"Scusi, va via?" Nei parcheggi siamo belve

Giorgio

Comaschi

Scusi, va via? Dal finestrino, col ditino alzato. Un classico. In qualsiasi punto del mondo saliamo su una macchina parcheggiata, dopo non più di dieci secondi, sentiremo un colpetto di clacson e vedremo qualcuno, in un’altra macchina, che ci chiede se stiamo andando via. A volte anche quando siamo appena arrivati, abbiamo parcheggiato e stiamo per scendere. Tac.

"Va via?". "Sì, vado via, ma a piedi", è la risposta, in quel caso. La gente è alla disperata ricerca di un parcheggio.

A volte il dialogo è soltanto mimato, a gesti, con tempi perfetti. Chi chiede se andate via, fa il movimento con la mano chiusa a scatto, da destra verso sinistra, due o tre volte. Significa "va via" nel linguaggio dei mestieri muti. La risposta è quasi sempre col ditino che si alza e si muove brevemente a tergicristallo.

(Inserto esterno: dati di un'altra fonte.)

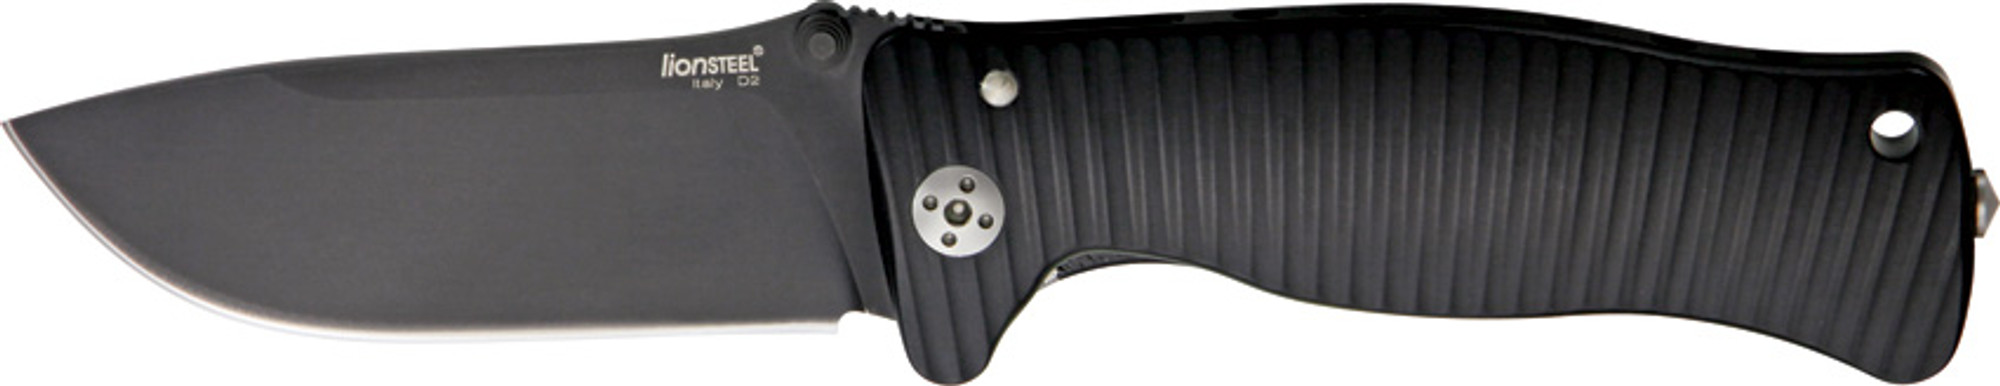 Lion Steel SR1ABB Molletta - Black Aluminum Handle, Black Blade

Di solito lo si fa col sorriso beffardo, con un pizzico di crudeltà di chi detiene un potere e può decidere della tua vita. Chi riceve quella risposta, di solito sorride anche lui, ma si vede lontano un miglio che è un sorriso con un sottinteso chiarissimo: vai a quel paese o in altri luoghi un filino più scabrosi. Il mondo degli automobilisti è un mondo difficile, un mondo in cui il desiderio generale è che tu sparisca. La casistica comprende anche la bizzarra soluzione della domanda con successiva risposta affermativa, cioè il sì con la testa: "Sì, vado via", con immediata conseguenza che quello che ha detto che andava via in realtà non va via e sta lì un tempo infinito a controllare una chat su Whatsapp o a girare una fotina su Instagram. E lì si entra nel campo della bastardaggine quotidiana di gente che è in guerra. Altra cosa curiosa e misteriosissima: perché quando vi fermate due secondi in una strada deserta, davanti a un cancello, a un passo carraio o in seconda fila, ci sarà, dopo pochi secondi, qualcuno che deve uscire o che deve entrare? Si materializzano dal nulla. Ogni volta puntuali. Perché? E questa è materia per scienziati.